A respeito do mediador, podemos dizer que, embora seja médico, Marcos Dias se posicionou à distância do processo de regulamentação do ato médico, afirmando não tê-lo acompanhado. Apesar disso, na sua opinião, o ato médico é uma iniciativa caracterizada

pela disputa de mercado, estando divorciada de um conceito mais amplo de saúde. Quanto à discussão sobre a Casa de Parto, Marcos Dias, no papel de gestor público de saúde e responsável pela implantação deste modelo assistencial, assumiu a postura de defensor. Na sua opinião, a proposta da Casa de Parto não traz prejuízos para a prática do médico, mas, em certa medida, admite que esta proposta assistencial possa trazer benefício para os enfermeiros. Segundo ele, o enfermeiro resgataria a integralidade da assistência.

Cabe dizer que esta investigação não teve pretensão de estabelecer certezas sobre o

ato médico, tampouco defendê-lo, acusá-lo, ou mesmo recusá-lo.

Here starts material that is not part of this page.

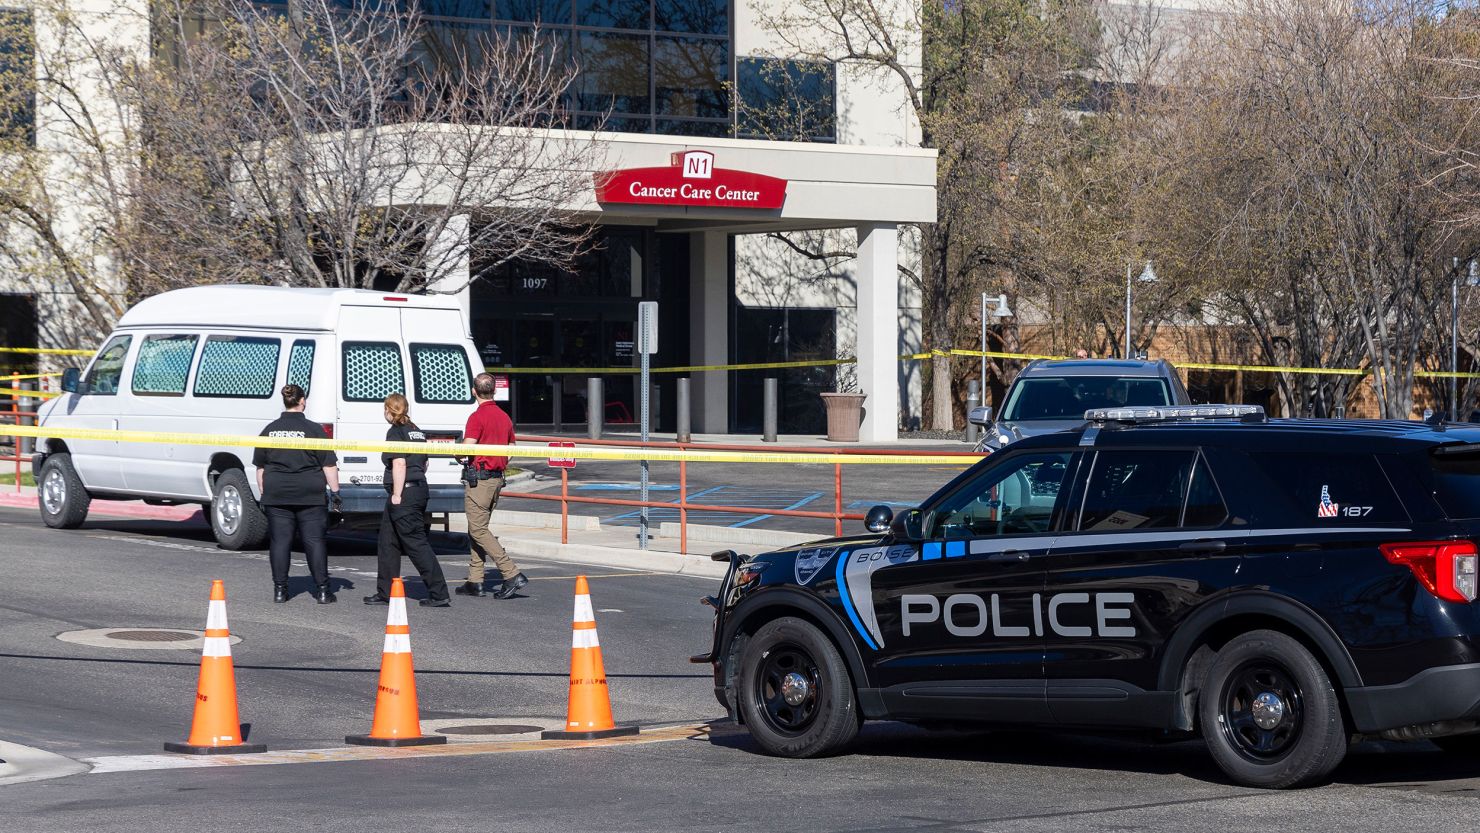 The attack happened just outside the hospital's emergency department.

Ao recuperarmos as opiniões destes atores sociais, mostrando como se posicionam em relação à regulamentação do ato médico e à implantação de Casas de Parto, objetivamos rastrear os conflitos e os interesses presentes nas relações entre profissões de saúde no Brasil contemporâneo. Esta empreitada não foi feita de forma neutra: o historiador também tem suas próprias visões e reações a respeito do tema. Neste sentido, as conclusões a que chegamos são parciais, assim como são parciais as visões dos depoentes analisados. No entanto, nossa proposta tem como objetivo provocar, questionar, produzir sentidos – ainda que provisórios – para que as disputas entre profissões não se tornem dispositivos legitimadores de práticas naturalizadas (e naturalizantes) que segregam, subordinam e limitam.